A Phase 2/ 3 Trial to Evaluate the Efficacy and Safety of BAY86-6150

A Phase 2/3, Multicenter, Open-label Clinical Study to Assess the Safety and Efficacy of BAY86-6150 in Subjects With Hemophilia A or B With Inhibitors, Composed of 2 Parts (A & B). Part A: Sequential Cohorts of Four Dose Levels of the Modified rFVIIa BAY86-6150 Assessed in a Non-controlled Dose Response Design in Acutely Bleeding Subjects and for PK/ PD in an Intra-individual Crossover Design Compared With One Fixed Dose of Eptacog Alfa in Non-bleeding Subjects. Part B: Confirmatory Study to Further Investigate the Efficacy and Safety of BAY86-6150

Haemophilia is a disorder, usually genetic, affecting mostly male individuals, in which one of the proteins needed to form blood clots (FVIII) is missing or not present in sufficient levels. In a person with haemophilia, the clotting process is much slower and the person experiences bleeding episodes that can result in serious problems and potential disability.

The current haemophilia standard of care is to maintain FVIII activity level above 1%. Sometimes, patients can develop antibodies (so called "inhibitors") against FVIII and it is no longer effective at controlling bleeds. Bleeds in these patients are currently treated using other proteins involved in the clotting process.

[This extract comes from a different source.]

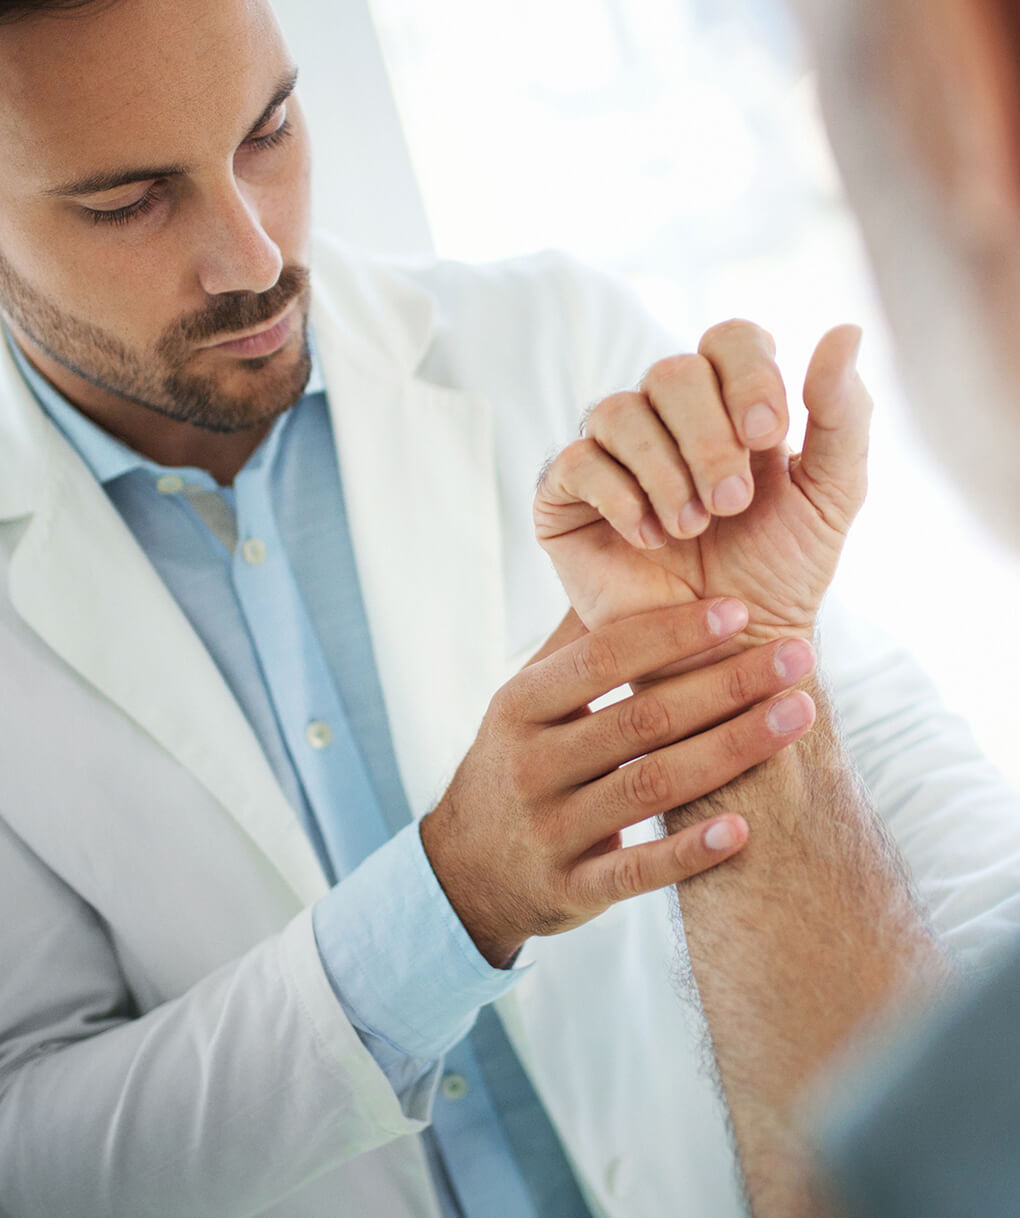 Wrist injury doctor in Milwaukee: pain, bruising, and broken

The purpose of this study is to investigate how effectively BAY86-6150 may stop acute bleeds in "inhibitor" patients. This study consists of two parts, A and B. The purpose of part A is to find the most effective yet tolerable out of four doses of BAY86-6150 with regard to efficacy and safety (dose-finding part). Part A is expected to last 9 - 29 months. The purpose of part B is to confirm efficacy and safety of the dose found in part A in all participating patients (confirmatory part). Part B is expected to last 12-32 months.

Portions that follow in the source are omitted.